Instructions for the task:
Look for the string "Plastic" in the material below. Copy every line where you find it.

Recorded information Start Marker

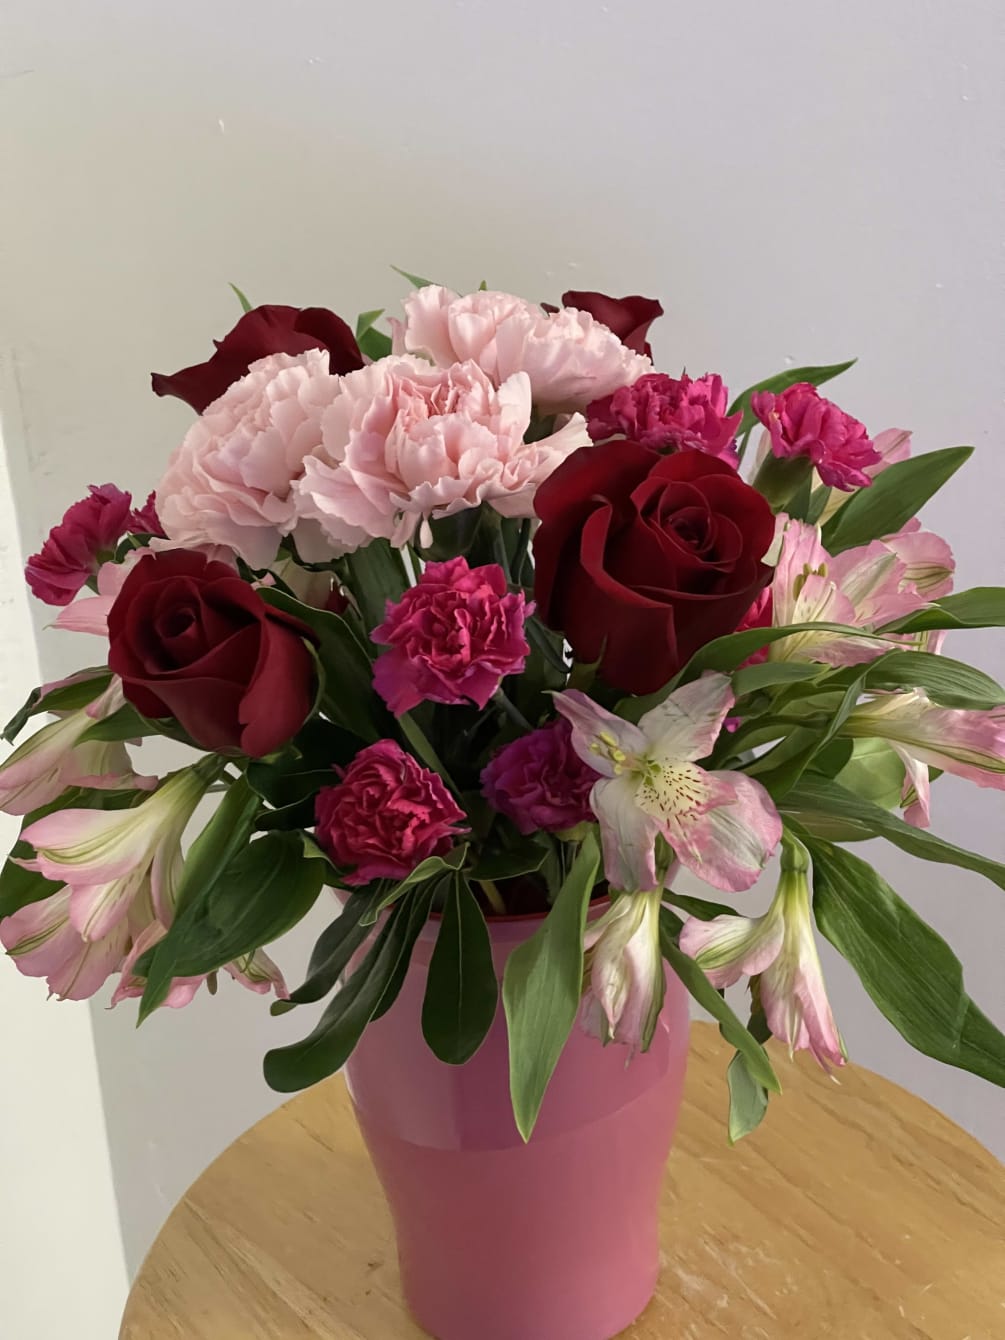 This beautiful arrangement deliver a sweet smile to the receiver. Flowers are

Recorded information End Marker
Recorded information Start Marker

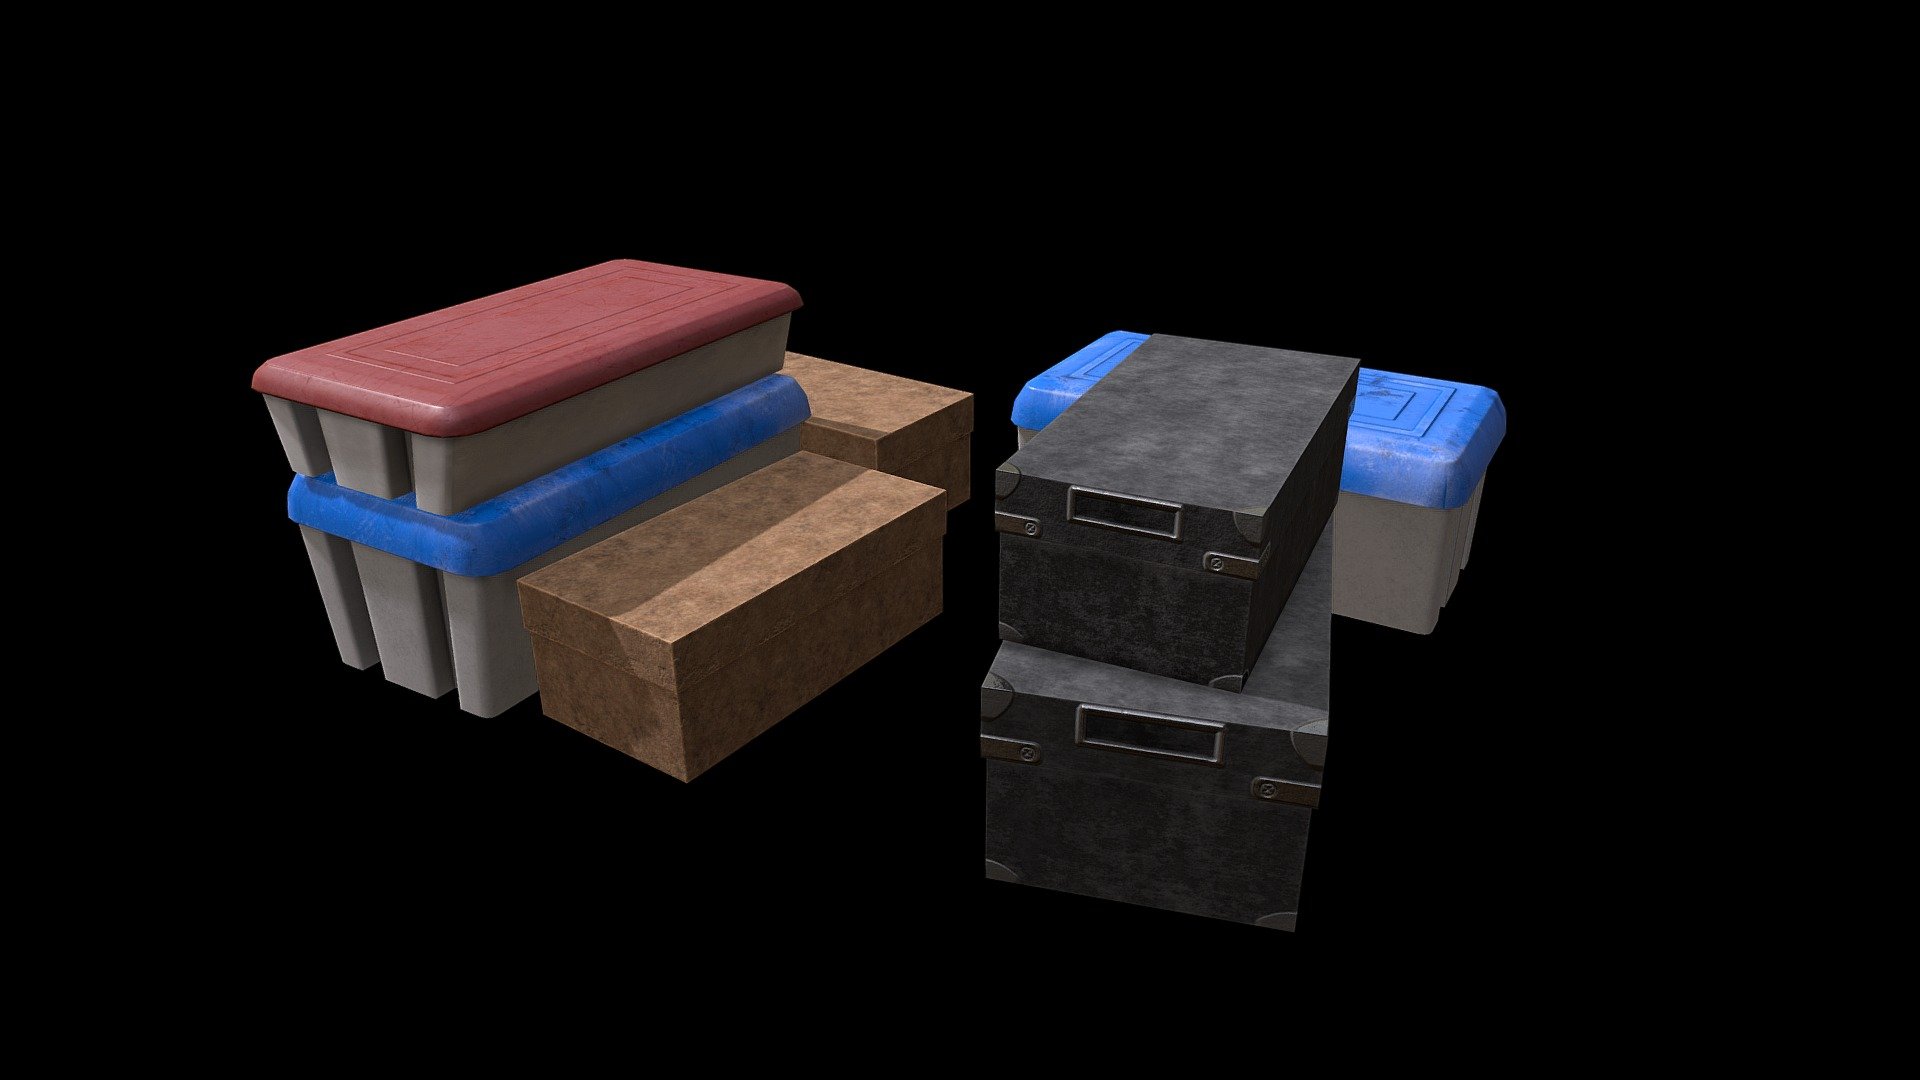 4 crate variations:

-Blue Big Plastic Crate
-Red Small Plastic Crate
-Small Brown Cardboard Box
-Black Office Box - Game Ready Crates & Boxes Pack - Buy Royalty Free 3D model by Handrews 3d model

Recorded information End Marker

Response to this exercise:
-Blue Big Plastic Crate
-Red Small Plastic Crate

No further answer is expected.